| DATA BELOW |
==============================

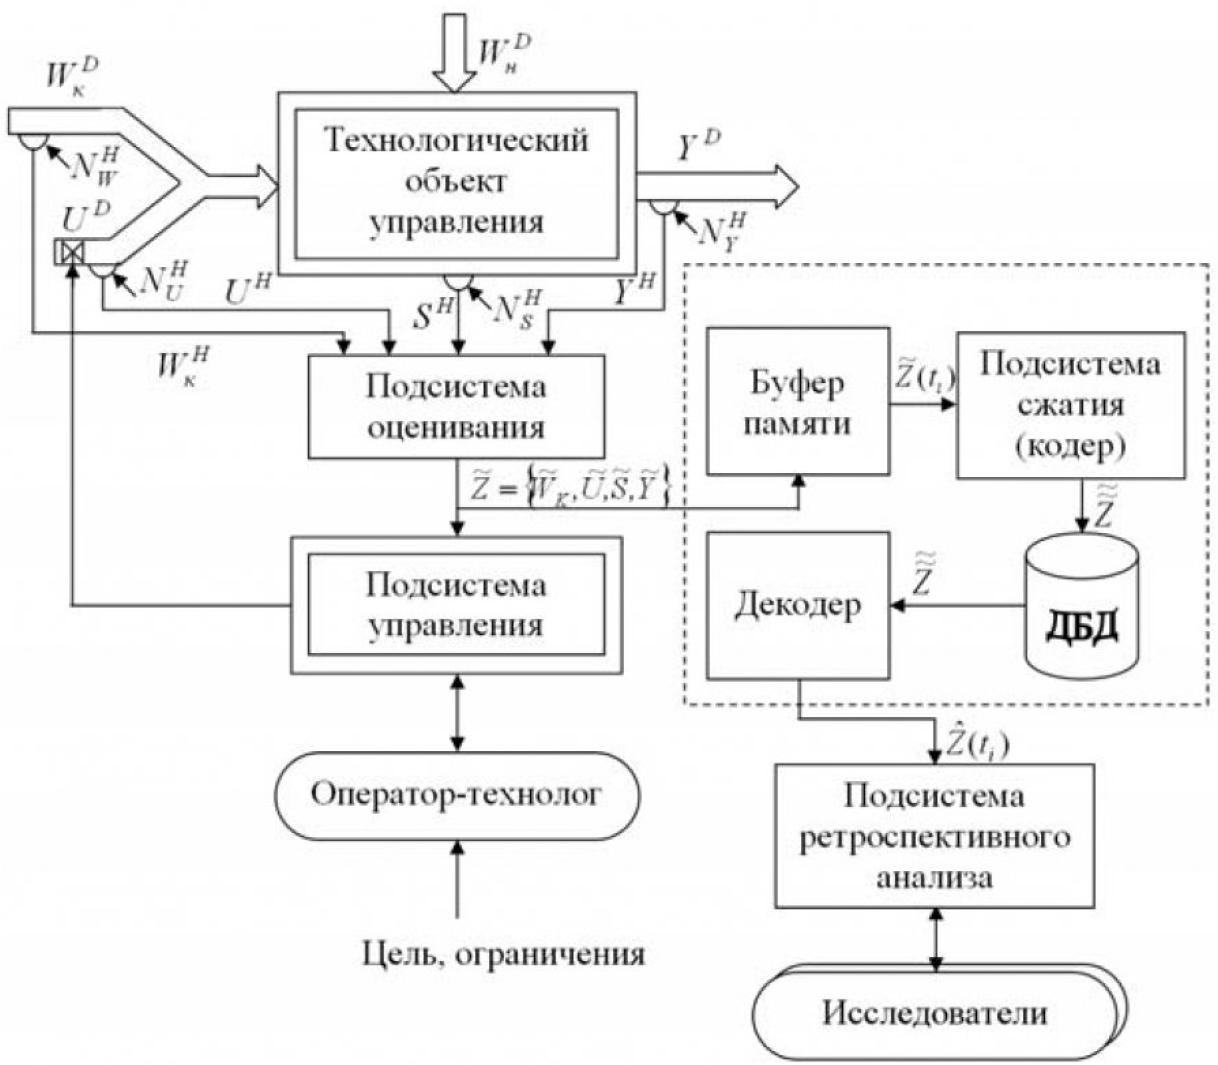 Применение сплайнов для адаптивного сжатия сигналов измерительной информации в системах автоматизации технологических процессов 1
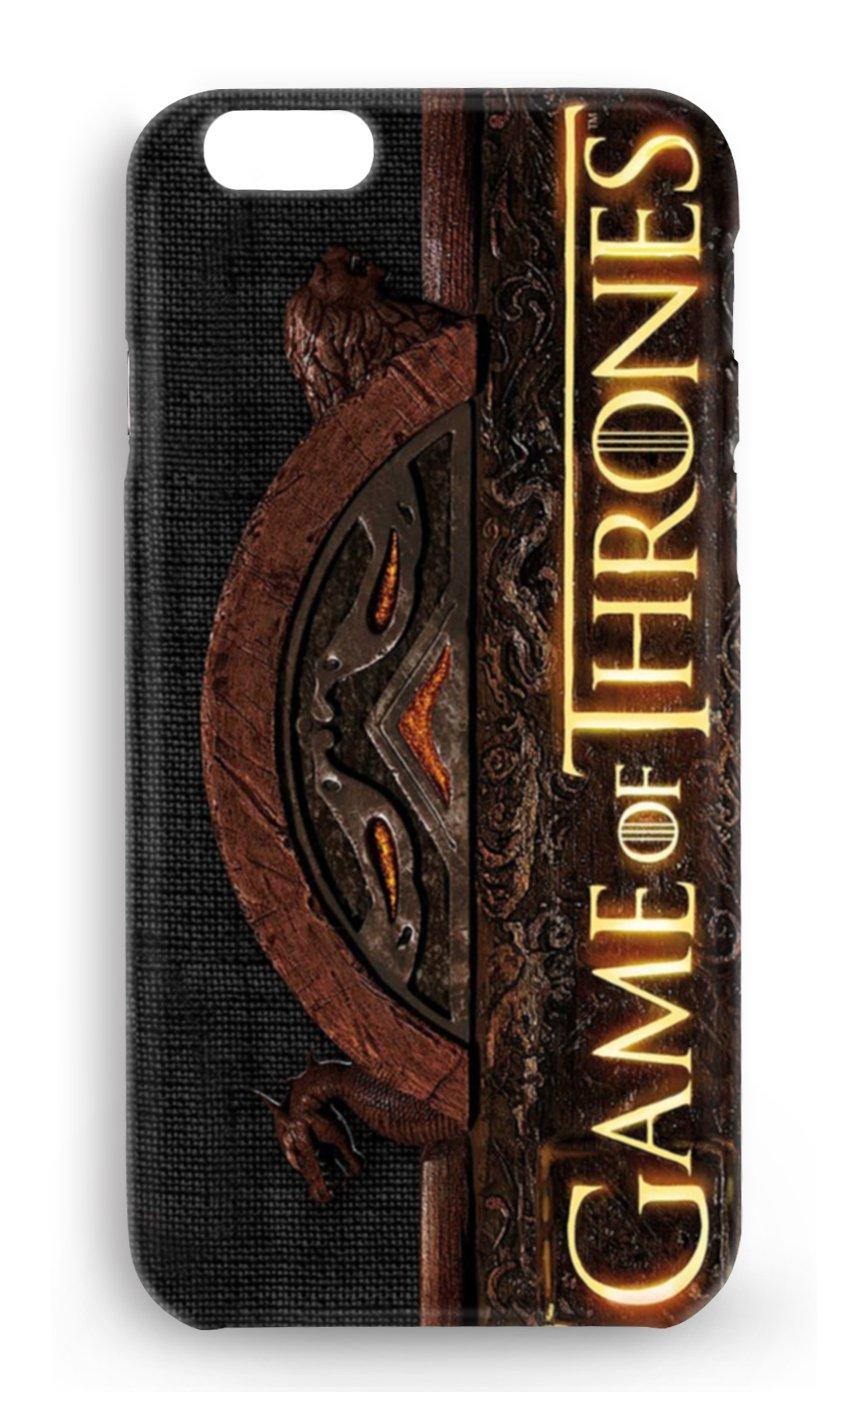 Funda Carcasa Juego de Tronos para iPhone 6 6S plástico rígido Game of Thrones
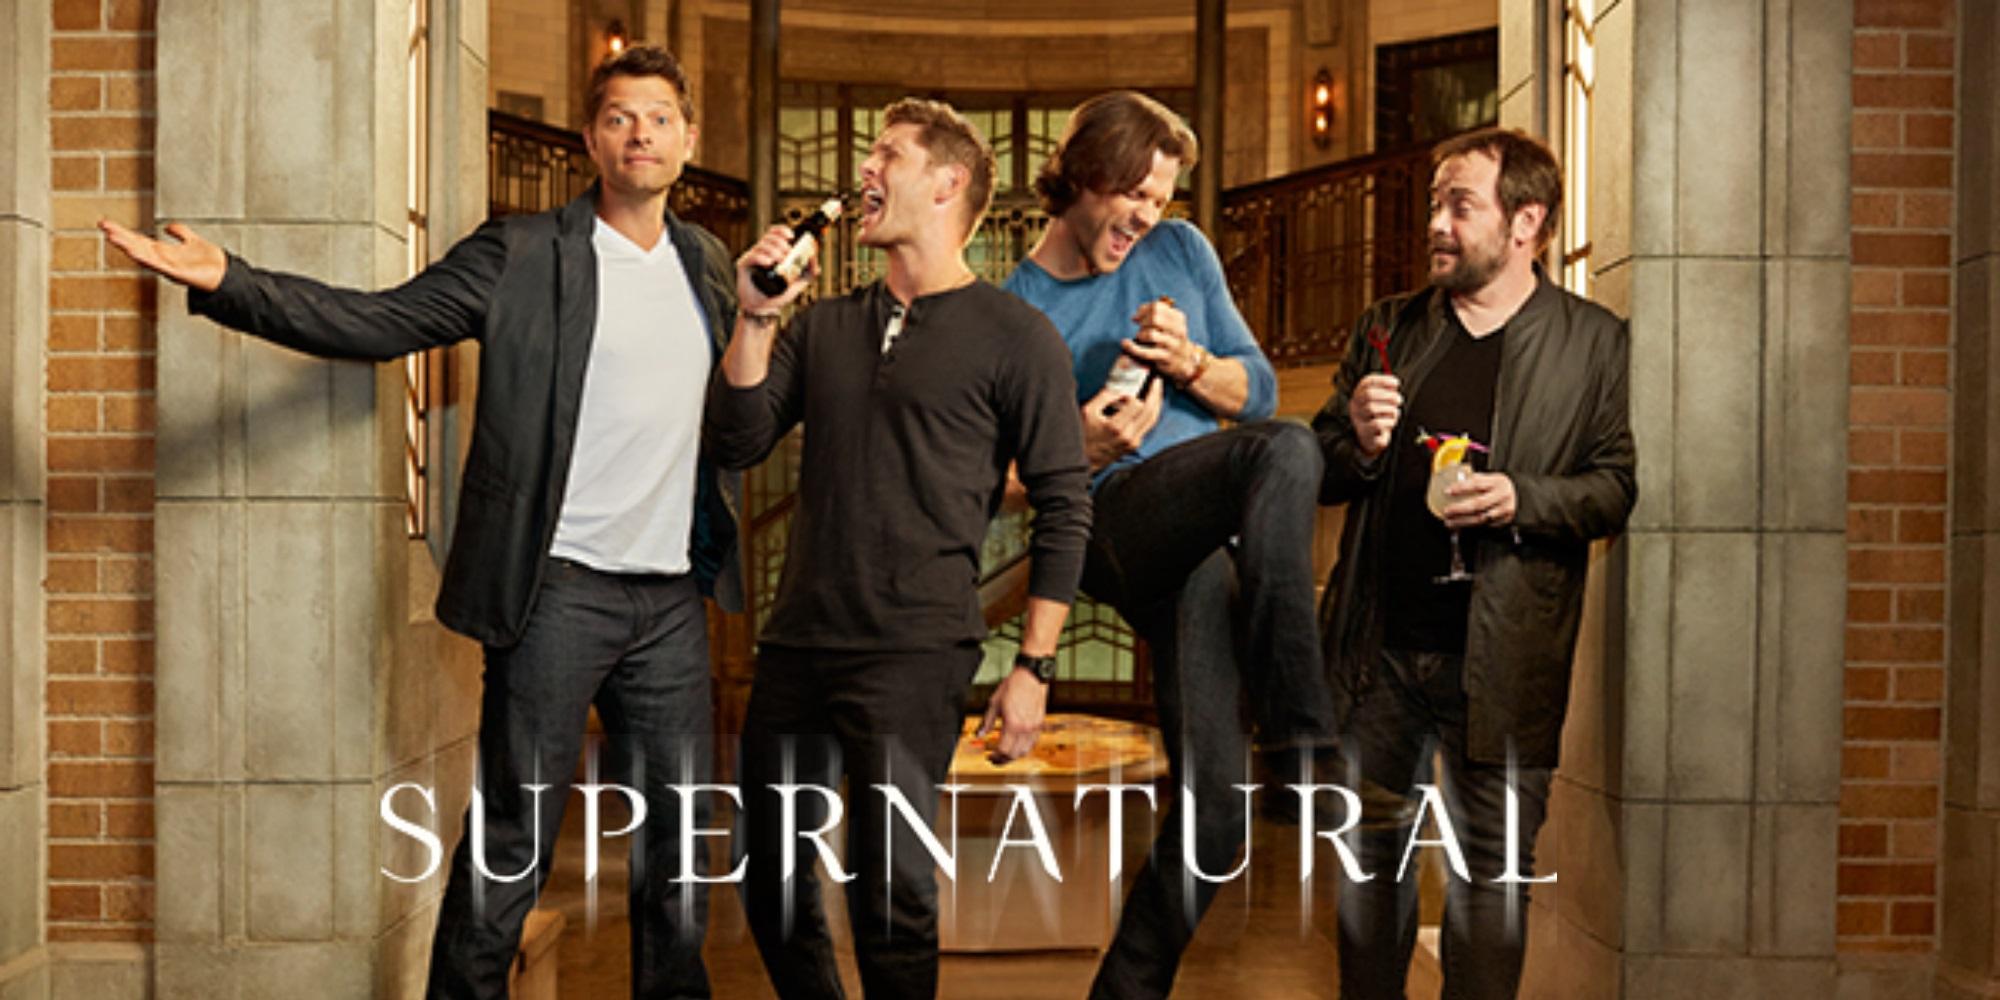 sobrenatural_season12-poster.jpg

==============================

| BRIEF |
Word-for-word transcription: the whole listing, with images excluded.

| WORKED SOLUTION |
 Применение сплайнов для адаптивного сжатия сигналов измерительной информации в системах автоматизации технологических процессов 1
 Funda Carcasa Juego de Tronos para iPhone 6 6S plástico rígido Game of Thrones
 sobrenatural_season12-poster.jpg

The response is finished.